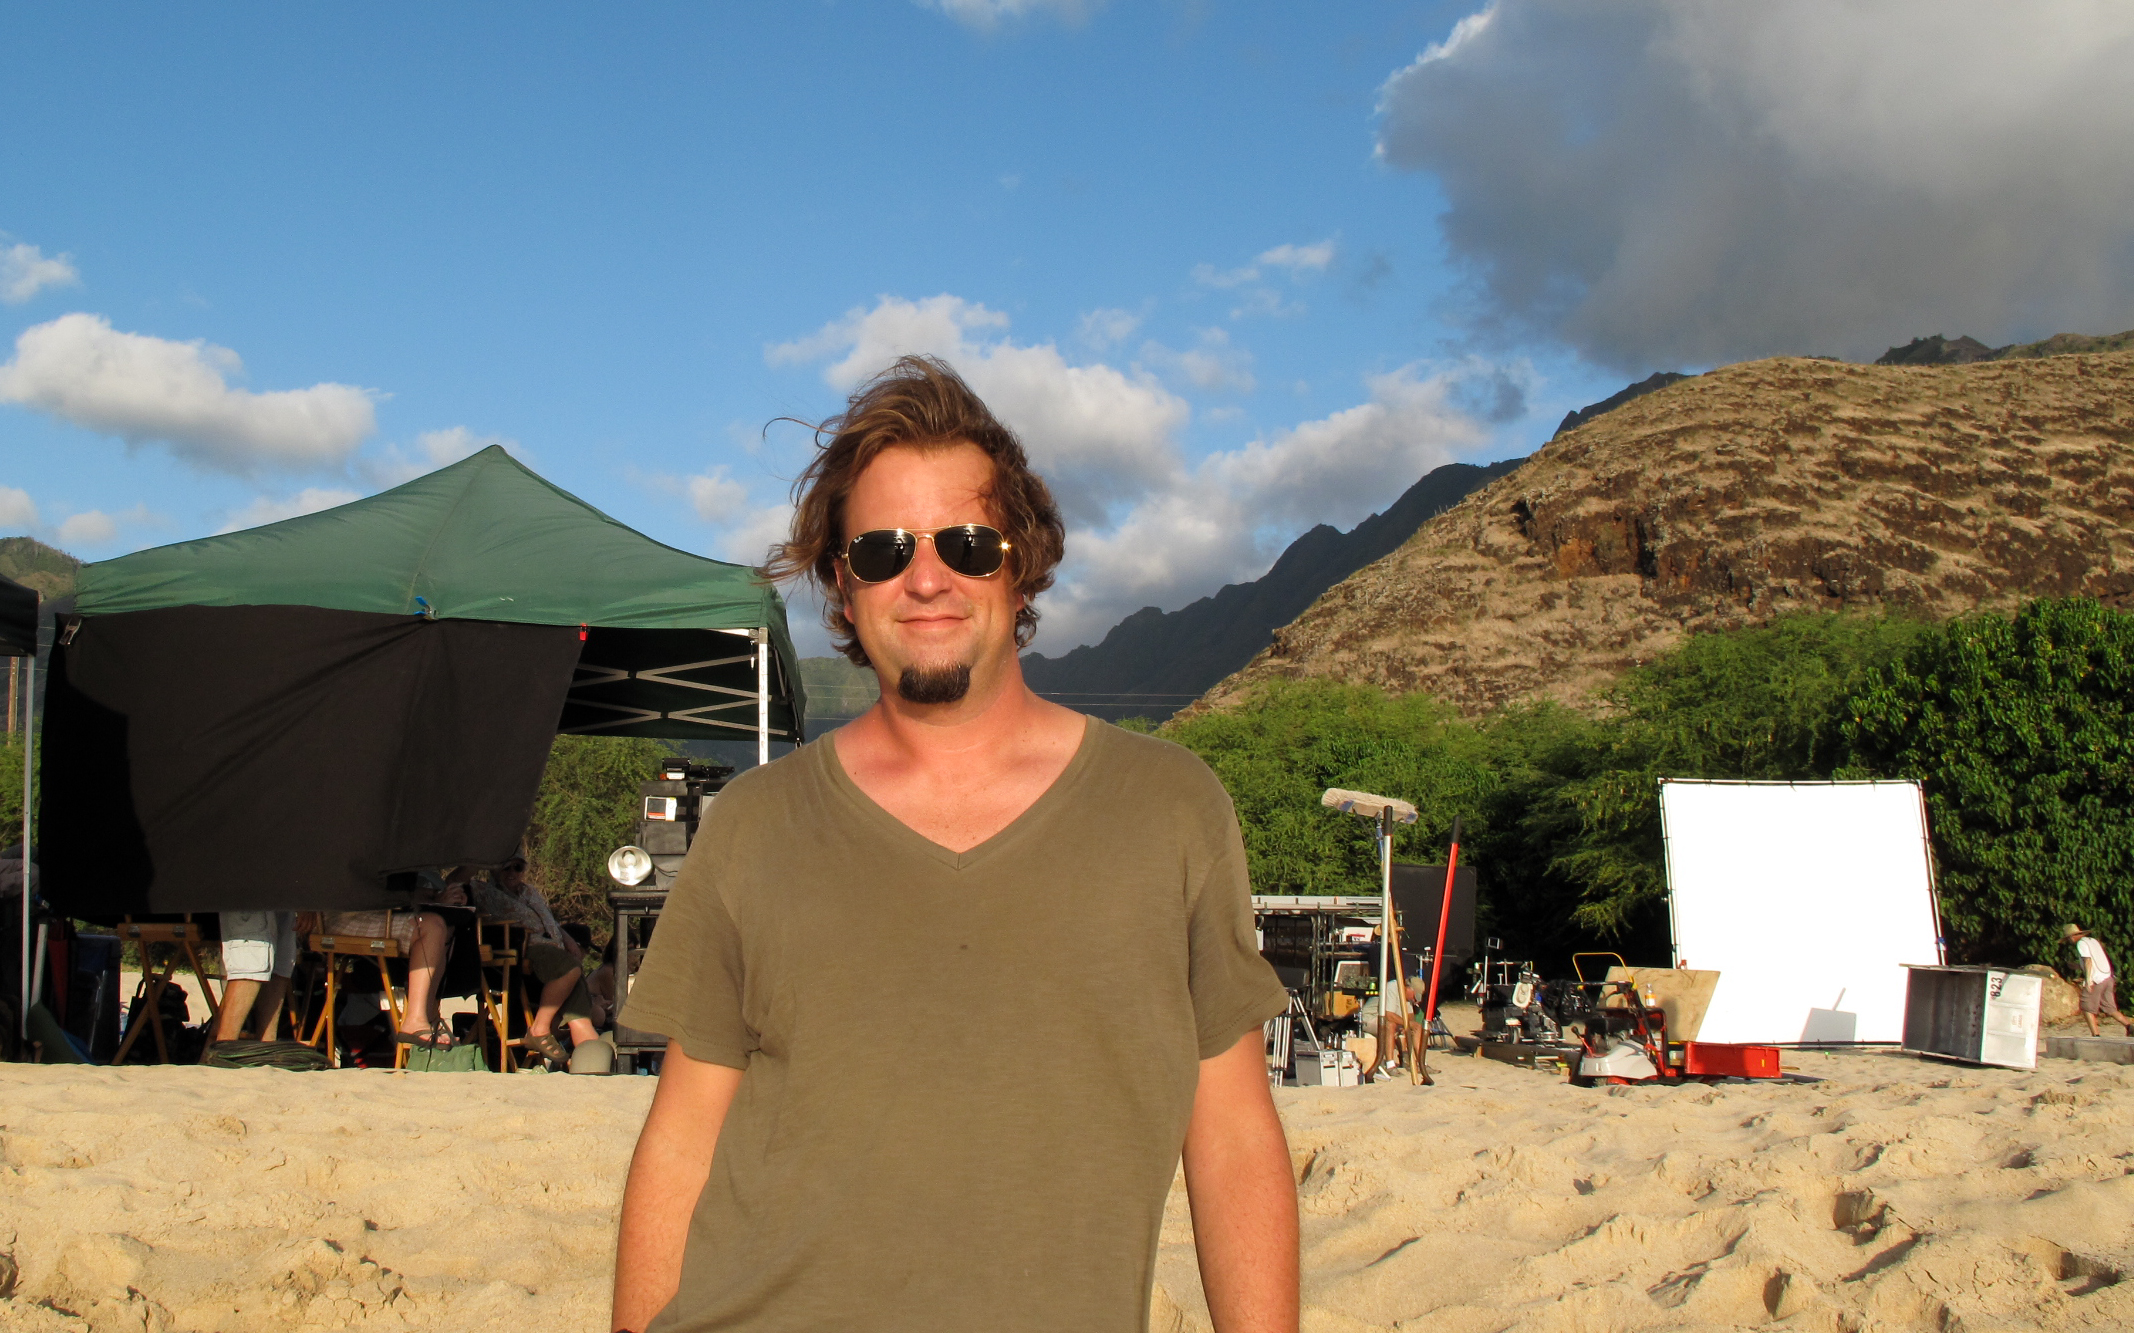 On location in Oahu filming Lost.
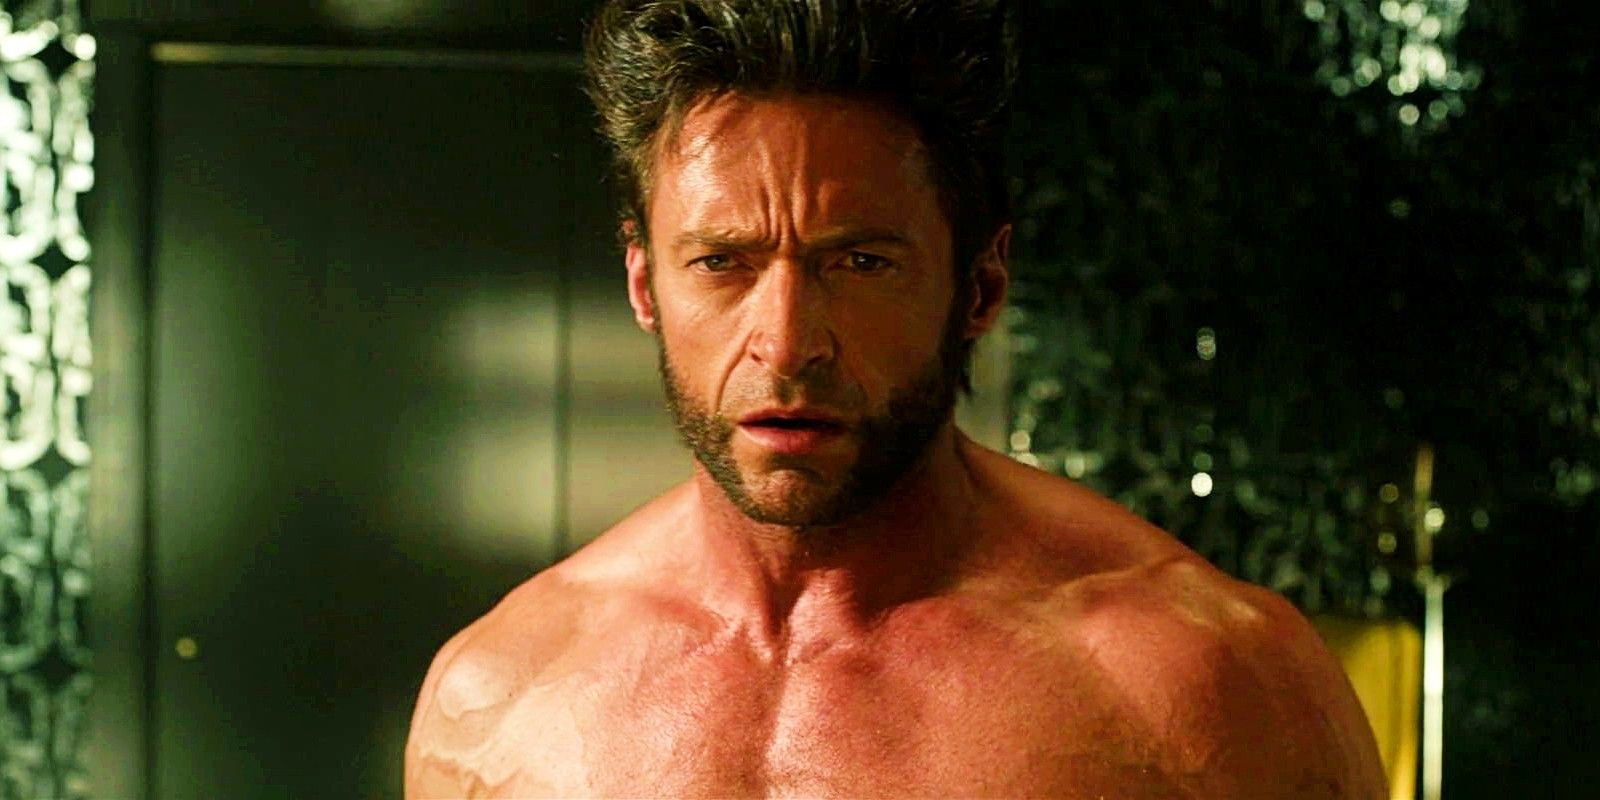 Hugh Jackman As Wolverine Looking Confused Shirtless In X-Men Days Of Future Past
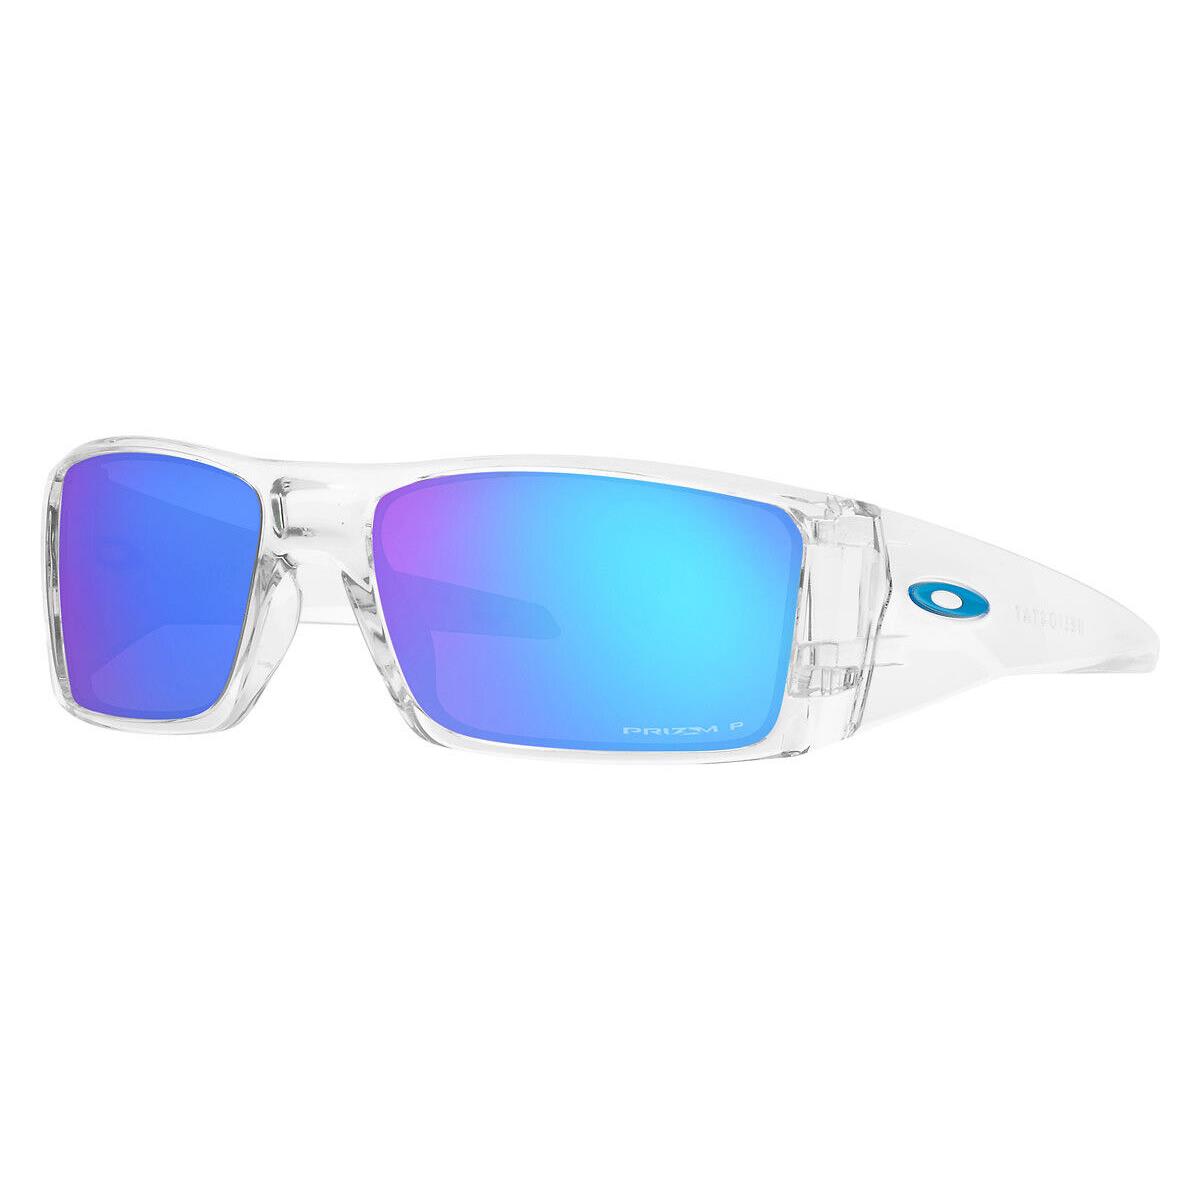 Oakley Heliostat OO9231 Sunglasses Clear Prizm Sapphire Polarized Mirrored 61mm - Frame: Clear / Prizm Sapphire Polarized Mirrored, Lens: Prizm Sapphire Polarized Mirrored
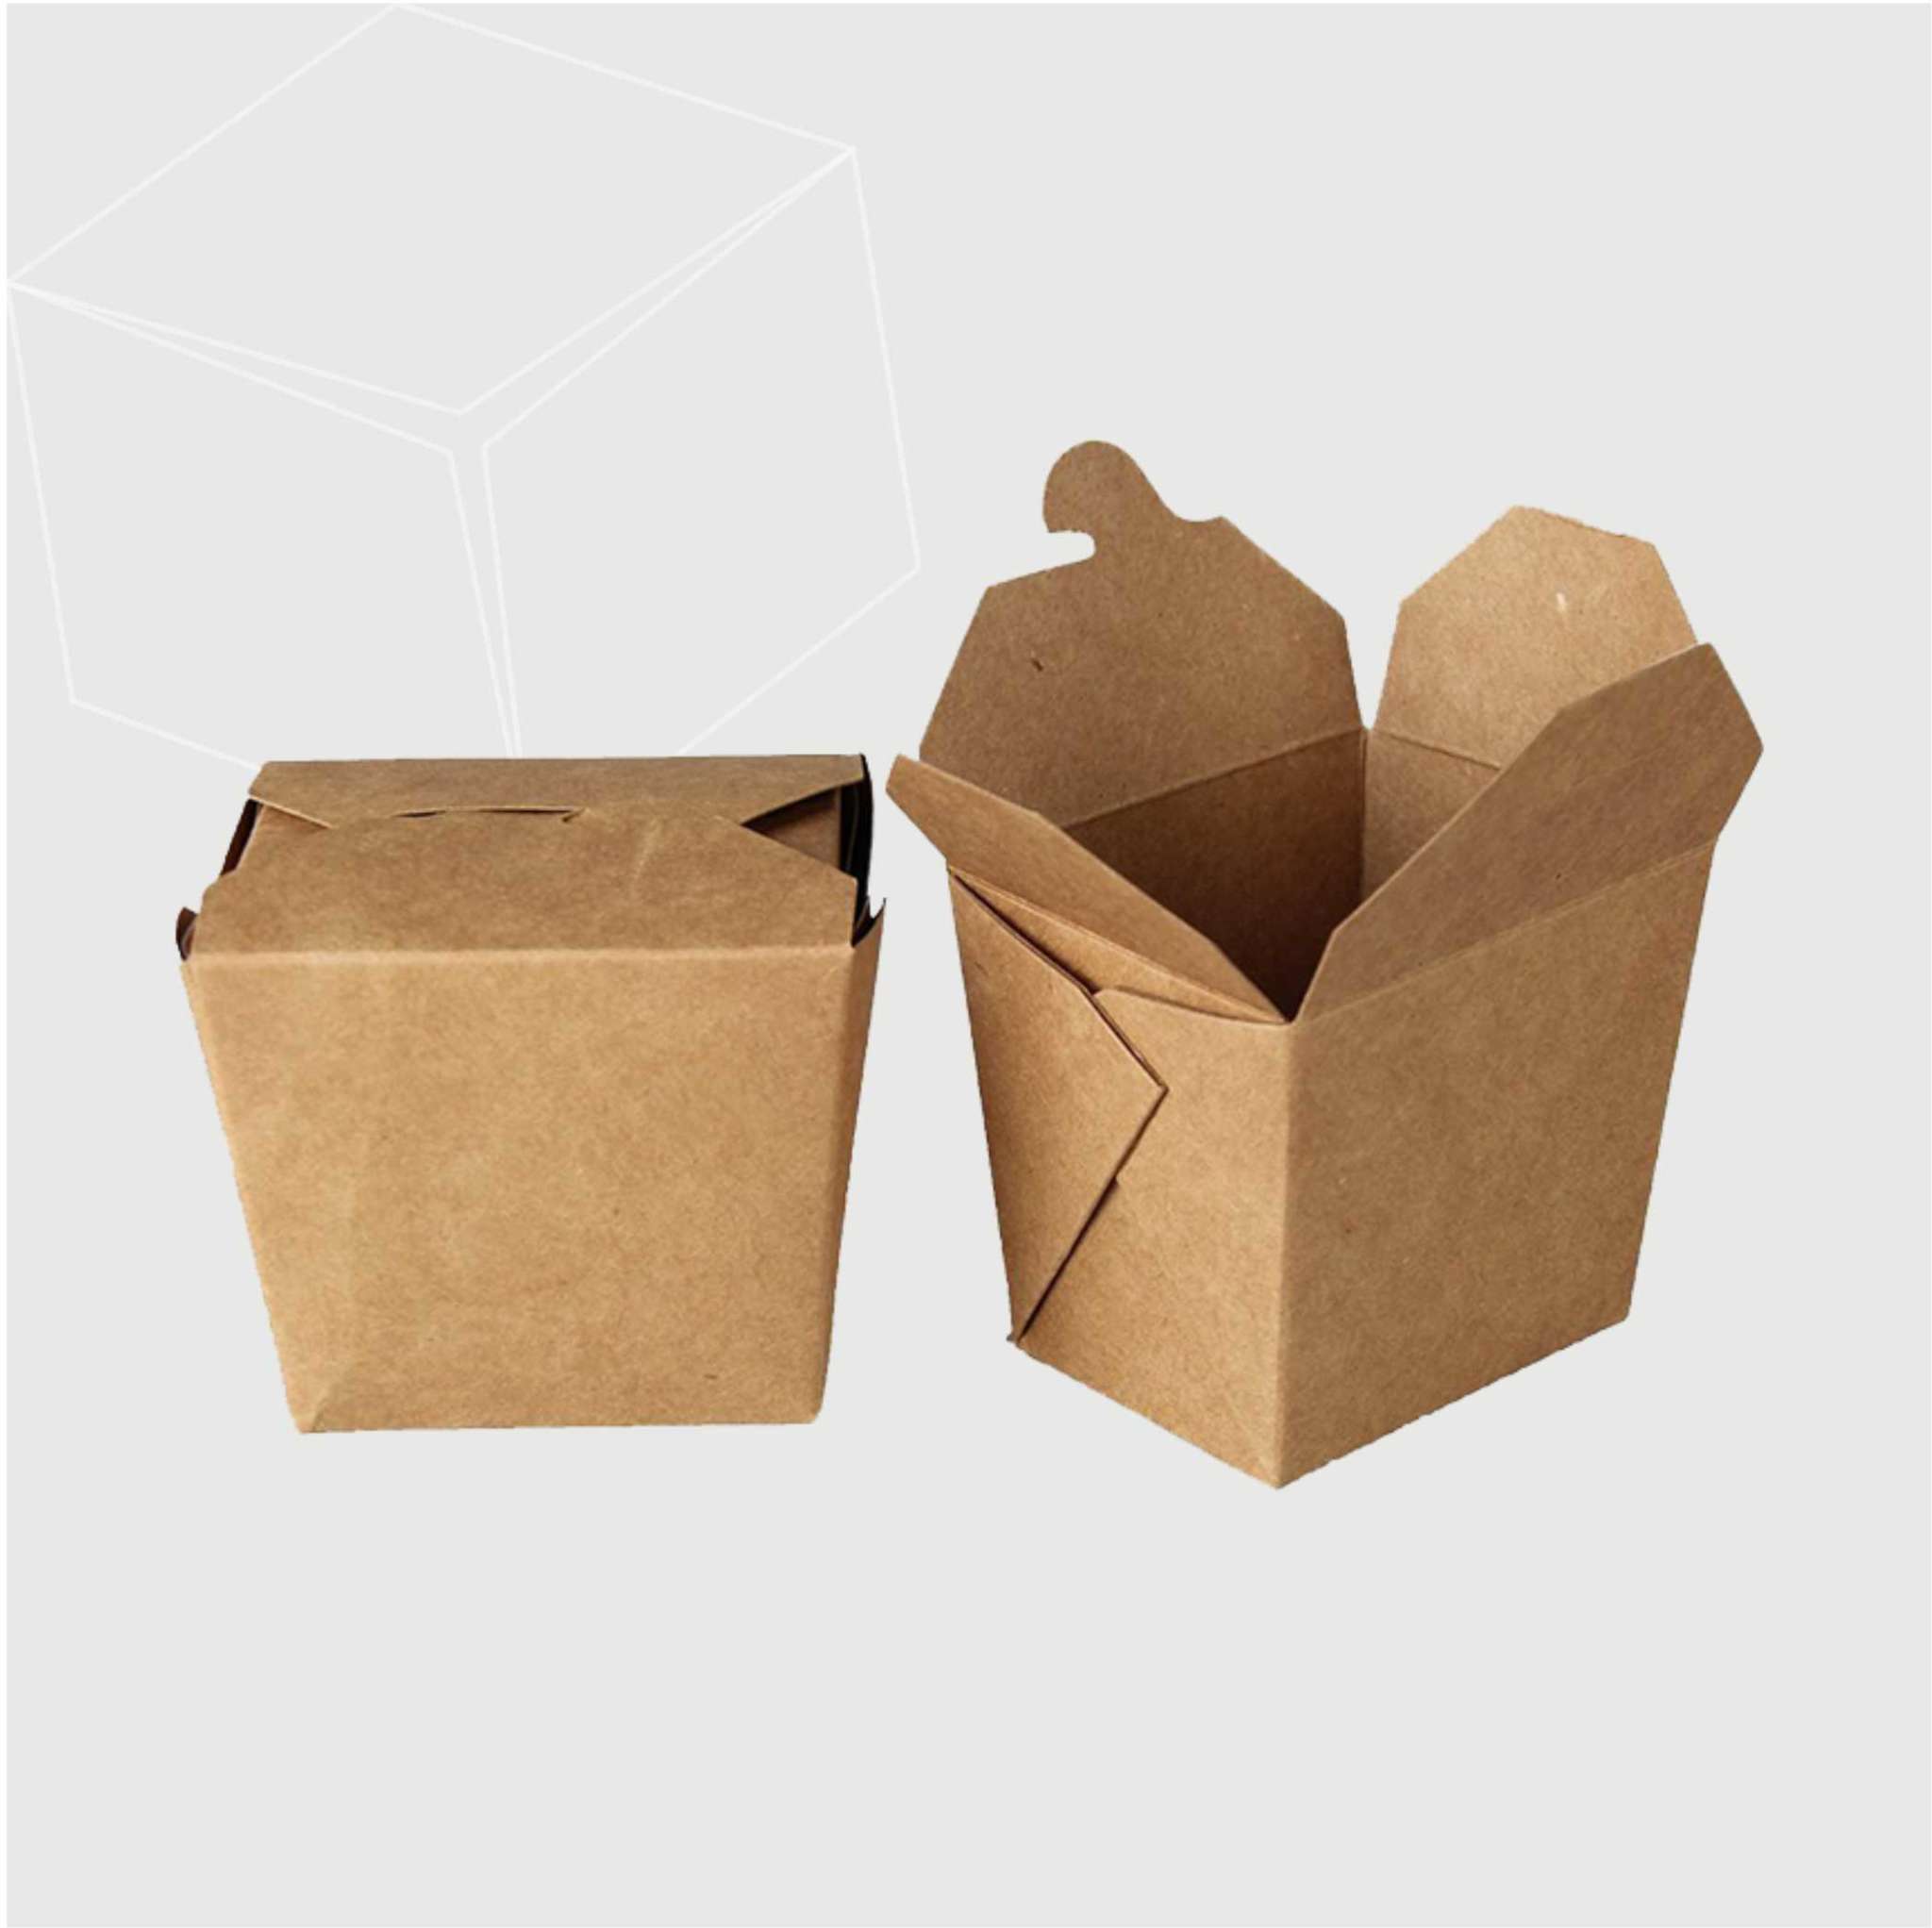 Customized Indian Food Takeout Boxes

**YOUR INSTRUCTIONS:** Print out the complete listing above exactly, dropping each image.

**ANSWER TO THIS PROBLEM:**
 On location in Oahu filming Lost.
 Hugh Jackman As Wolverine Looking Confused Shirtless In X-Men Days Of Future Past
 Oakley Heliostat OO9231 Sunglasses Clear Prizm Sapphire Polarized Mirrored 61mm - Frame: Clear / Prizm Sapphire Polarized Mirrored, Lens: Prizm Sapphire Polarized Mirrored
 Customized Indian Food Takeout Boxes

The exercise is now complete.